I love history so loved this article and am going to look up some of those books. And I have to comment on the image. I'm always posting about wanting more color, but found this picture wonderful. The variations in shades, the textures, it almost seemed I could feel the sheets and covers and pillows by touching the computer screen. And yes, the doggy. So adorable. I lost the last of my four cats last May, and I'm still not used to a bed without a pet.
A distantly-related book perhaps might be: Diane Ackerman's A Natural History of the Senses. Maybe too distant, but it came to mind when I read this blog.
Great piece... more please!
This is a great article and i love the pup too, but what about the Roman era? I thought everything was excess, comfort and enjoyment then too? Or was that just for royalty?
Most fascinating article, I will have to read it twice, thank you. There is a lot to say about comfort it is also comforting.
decogirlmontreal
Great article - I've been looking for some interesting reading so I will definitely be checking out some of the recommended books on the subject. It's fascinating to think that some of the basic things we take for granted today were considered luxuries in the past - we really are blessed to live in this day and age (on so many levels).
I love the picture. The pup is so comfortable on that bed. Shopping can be done at the comfort of the home. Each day, the world is bringing in more products for the comfort of human beings.
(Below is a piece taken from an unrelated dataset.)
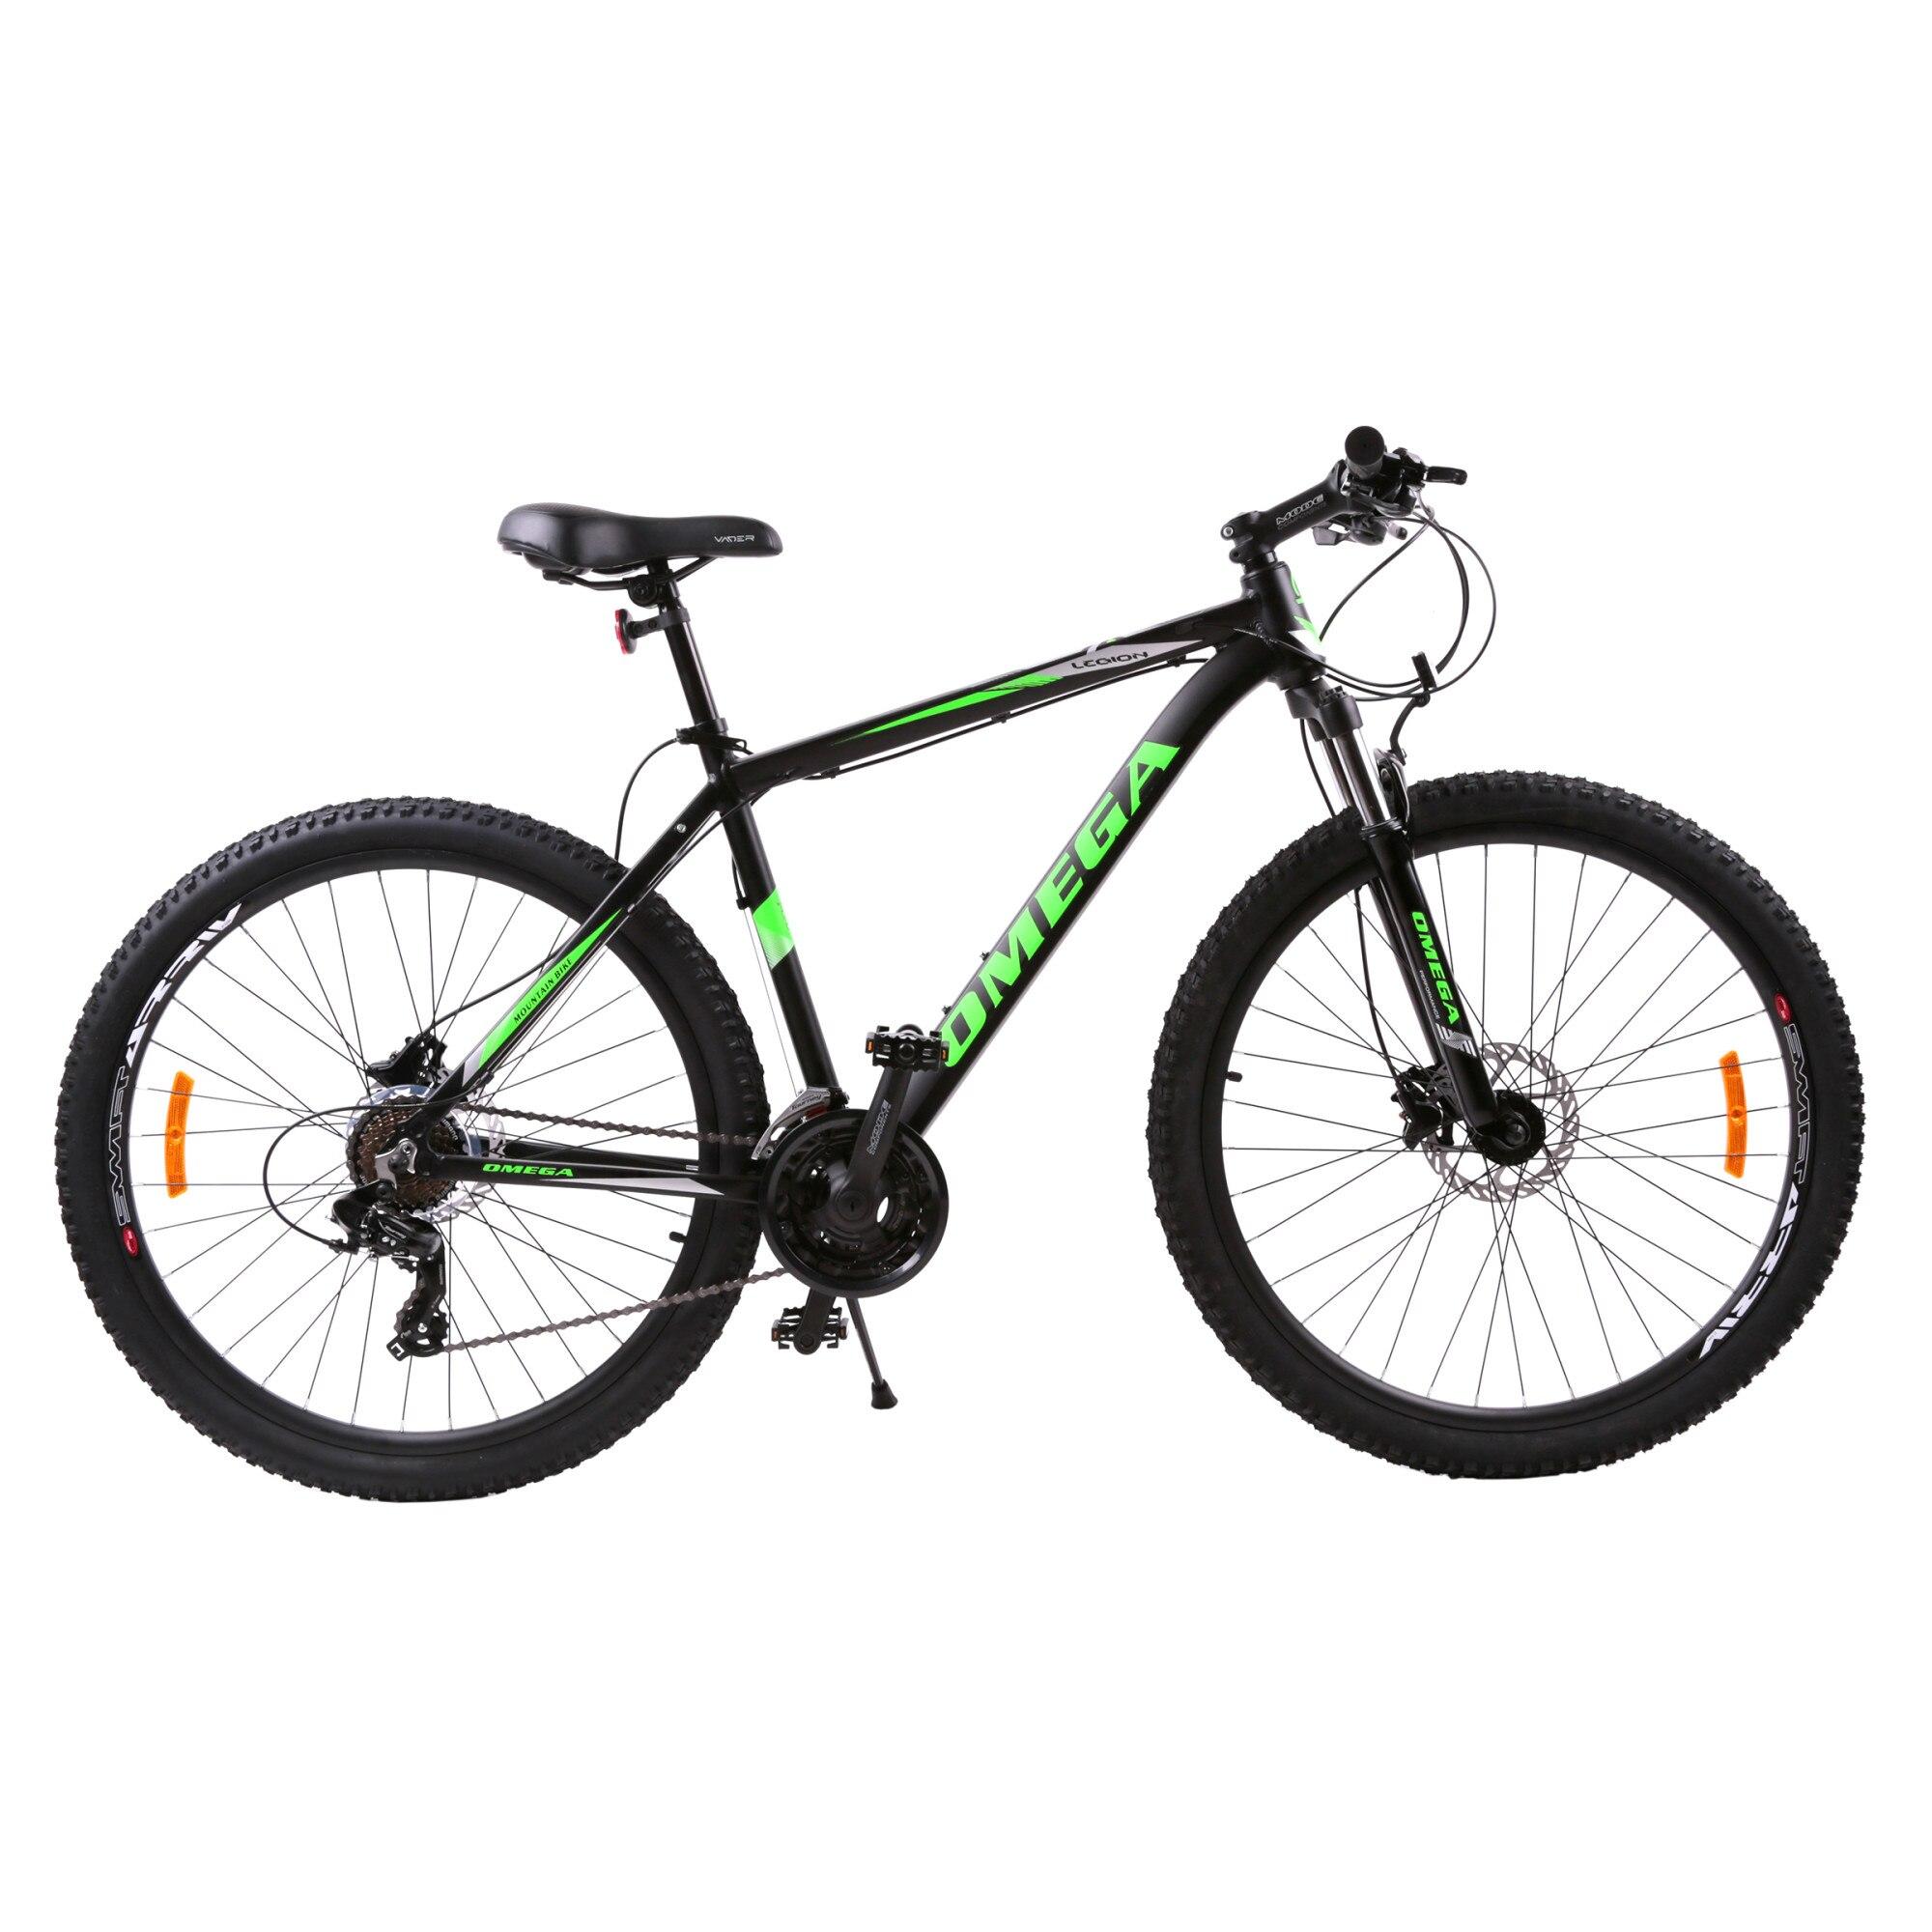 Fotografie Bicicleta MTB 29-er Omega Legion, Hidraulic disk, Black/Green

Interesting to think about the past when there was no internet...
That's not a bed...it's a sofa and I want to know which one it is. It's too comfortable looking, and no, I don't want a smelly dog, cute or no, lying on it. : )
Informative and provocative article.
I wonder about the connection of our seemingly insatiable desire for comfort and rates of obesity. Consumerism as the new decadence? Comforting ourselves in our big bed-like couches into a TV coma and early grave?
There's comfort (pleasure) and nourishment, and there's comfort and gluttony.
In reply to PGF's comment: the 1950s proved unprecedented for expanding upon comfort, even among the working classes, and obesity was not a problem. Consumerism as the new decadence? Although it's a problem, there's nothing new about it. Consumerism has been around since the rise of the middle class mentioned in the article. It was only war years that squelched it for a time; it always popped its ugly little head back up again. Now TV comas -- that's relatively new and arose with the advent of cable and hundreds of choices.